Cronache di un Tour de France in Bici: Episodio 36 – L’Indre, La France Discrète, Vallée d'Or, Échappée Belle e Terre di George Sand

, di Thierry Bourgarel, 7 tempo di lettura minimo

Dopo l’effervescenza corsara, le foreste leggendarie e i canali rilassanti dell’Ille-et-Vilaine (35), la nostra grande sfida di attraversare la Francia in bicicletta ci riporta verso il centro geografico del paese, nel cuore del Berry storico: nel 36, l’Indre.

Dopo l’effervescenza corsara, le foreste leggendarie e i canali tranquilli dell’Ille-et-Vilaine (35), la nostra grande sfida di attraversare la Francia in bicicletta ci riporta verso il centro geografico del paese, nel cuore del Berry storico: nel 36, l’Indre.

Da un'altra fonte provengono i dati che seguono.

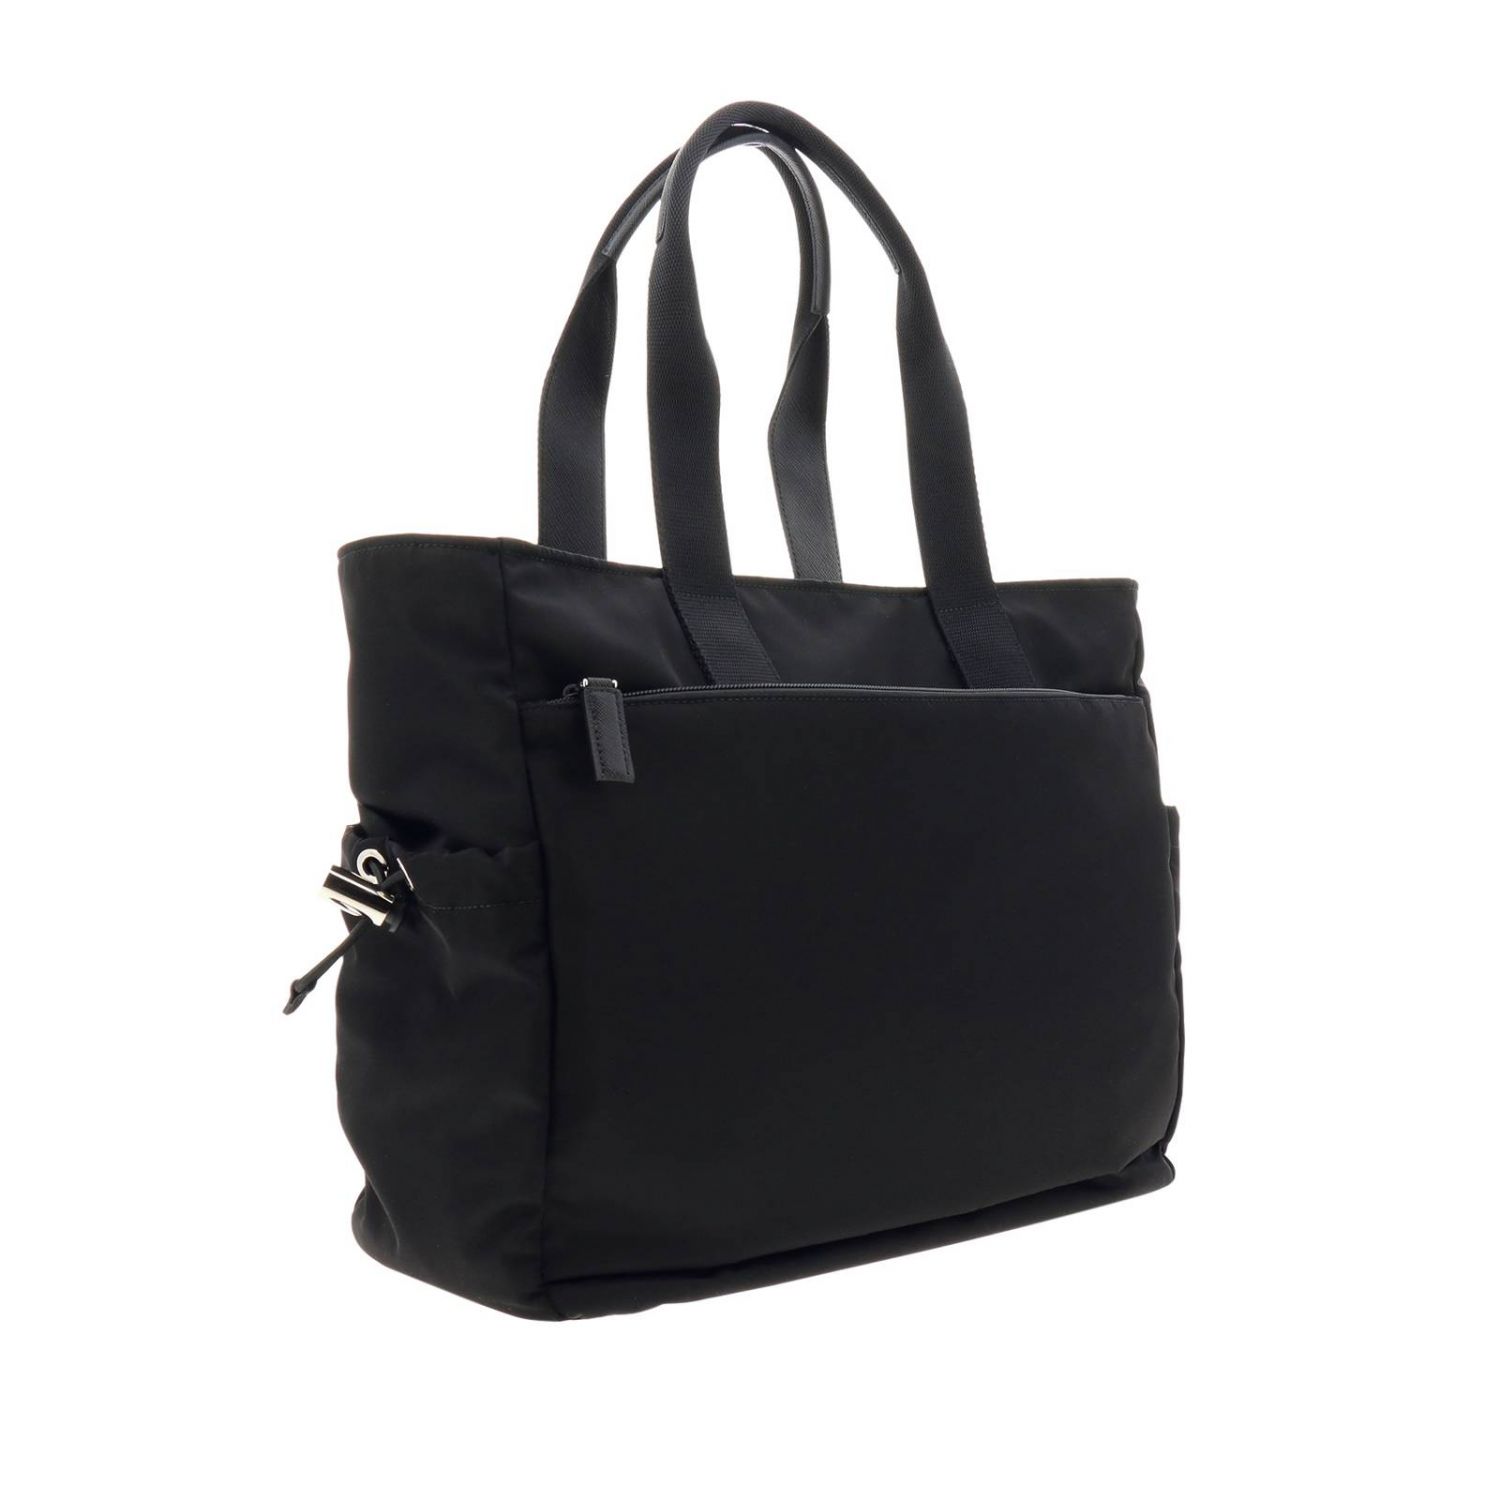 Bags men Prada | Bags Prada Men Black | Bags Prada 2VG042OOO 973 Giglio EN

Cambiamento radicale di ritmo, di rilievo, di luce e di atmosfera. Lasciando l’Atlantico selvaggio e il granito bretone, ci immergiamo in un territorio di elegante discrezione, una "Francia profonda" dove il verde tenero del bocage si unisce al bianco brillante del calcare (il tuffeau) e all’oro delle pianure cerealicole. L’Indre non è un dipartimento che cerca di impressionarti con la sua verticalità bruta: è una terra di contrasti sottili, che mescola la maestosità monumentale dei castelli della Loira (Valençay) alla dolcezza bucolica della valle della Creuse, al mistero delle paludi della Brenne ("la terra dei mille stagni") e alla forza spirituale dell’Abbazia di Noirlac. Per il cicloturista, è il paradiso del "slow tourism" equilibrato, che offre una totale disconnessione in una campagna pacifica, costellata di tesori storici, letterari (George Sand) e gastronomici.

Preparate il vostro ritmo (qui si prende il tempo per vivere), affinate il vostro senso dell’osservazione (la luce cambia a ogni istante) e il vostro palato (il Pouligny-Saint-Pierre e i Vini di Reuilly vi aspettano): partiamo per esplorare la dolce Indre.


L’Indre in Bicicletta: Cosa Aspettarsi?

È il dipartimento della pietra calcarea ocra, dell’acqua (canali, fiumi, stagni) e del grano. L’aria è dolce, continentale, fresca sulle rive, profumata dalla terra profonda e dalla foresta impenetrabile.

Il Profilo: Di una orizzontalità monumentale, per lo più accessibile. Il dipartimento offre tre volti ciclistici distinti. La Brenne e la Champagne Berrichonne sono perfettamente pianeggianti, ideali per itinerari dolci e famiglie. La valle della Creuse e il Boischaut Sud propongono un rilievo energico, con dolci colline ma con brevi ma a volte ripide salite. Il dislivello cumulato sarà sorprendente, ma ogni cima offre una vista mozzafiato.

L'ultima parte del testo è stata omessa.